What Everyone Gets Wrong About Mary Magdalene

What Everyone Gets Wrong About Mary Magdalene

It might come as a surprise to some Christians — and non-Christians familiar with such stories — that Mary Magdalene was not a reformed sex worker who shed her former life to piously follow Jesus around. Those with doubts can look to the official Bible itself, which depicts Magdalene as a recurring character who pops up at certain, important events in the life of Jesus. Rather than describe Magdalene as freed from a life of sex work, Luke 8 and Matthew 16 both say that Jesus cleansed Magdalene of "seven demons." After this, she became a disciple of Jesus, and that's that. While some might interpret these "seven demons" as representative of a biblically wayward lifestyle, that's a figurative stretch without any grounding in the available evidence.
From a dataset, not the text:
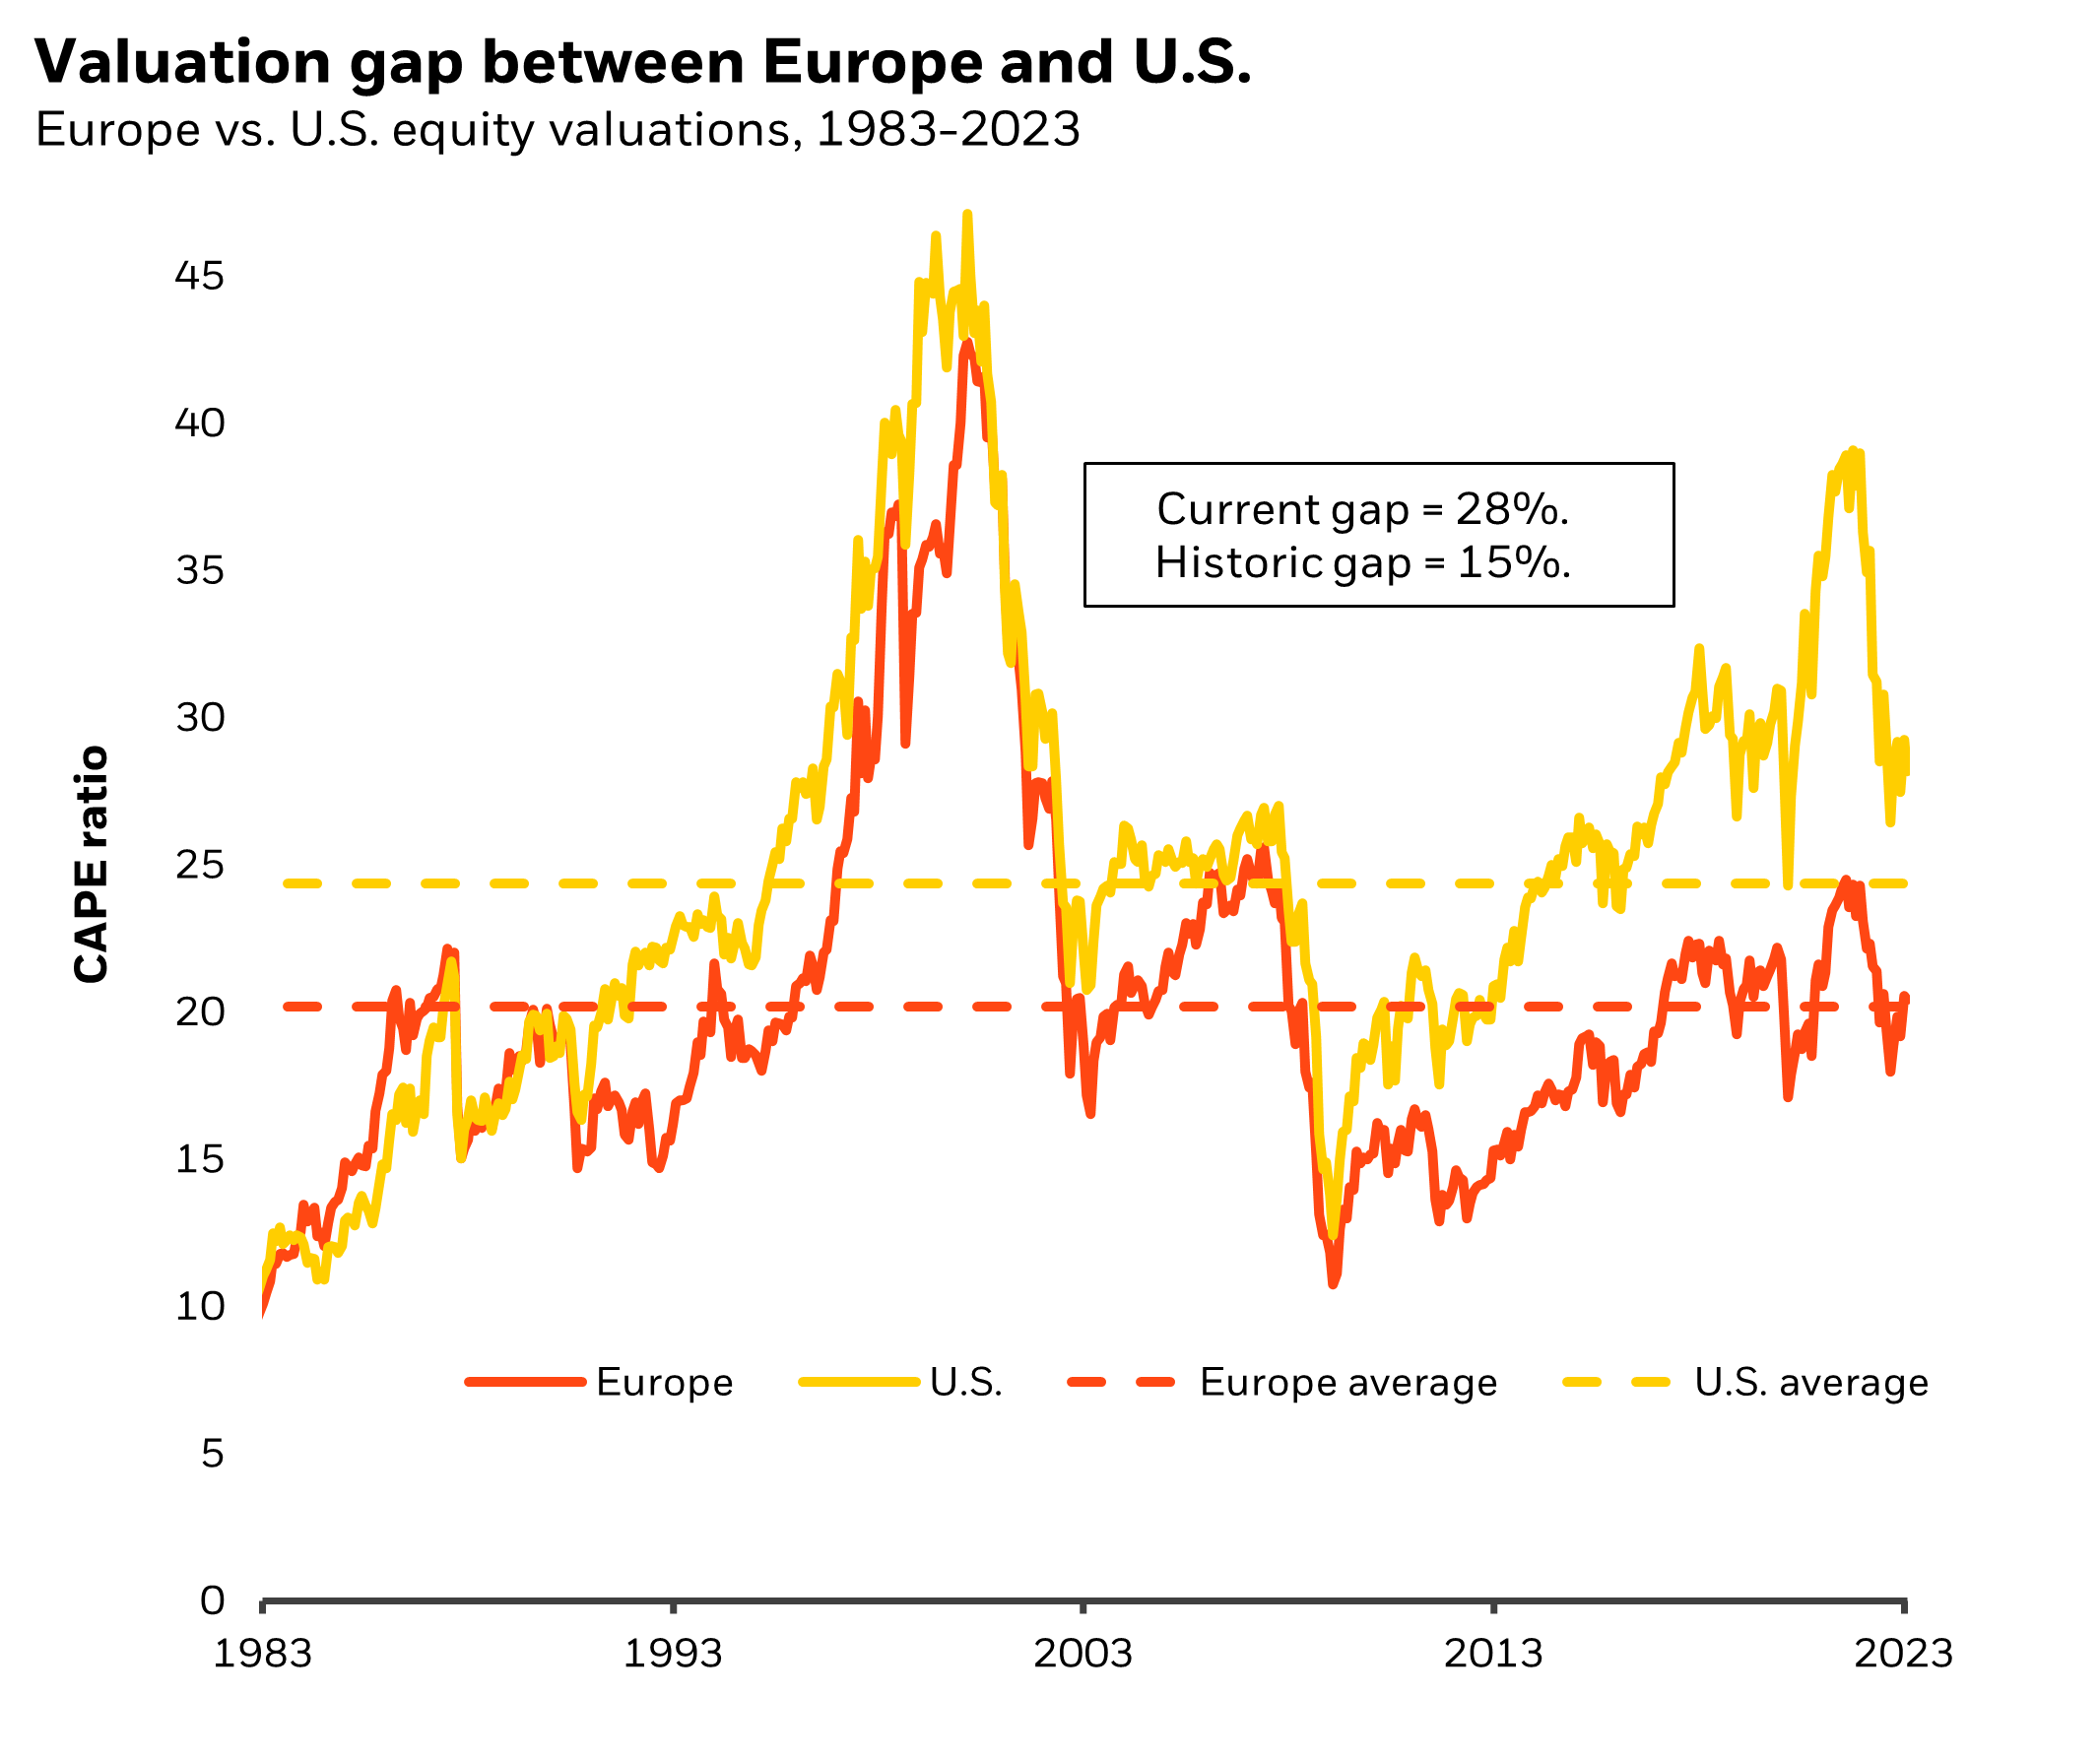 Europe vs. U.S. equity valuations, 1983-2023

Besides this anecdote about Magdalene and her life, all four gospels — Matthew, Mark, Luke, and John — describe Mary as present when Jesus was crucified. Mark 15 says that she and Mary, Jesus' mother, saw the location where Jesus was buried, while Mark 16 describes an angel informing Magdalene that Jesus had come back to life when she went to visit Jesus in his tomb. Continuing in the narrative, but moving to another gospel, John 20 describes Magdalene being the one who goes back to the disciple Peter and informs him about Jesus' resurrection. After this Magdalene vanishes from biblical events, but has only grown larger in our shared, cultural memory.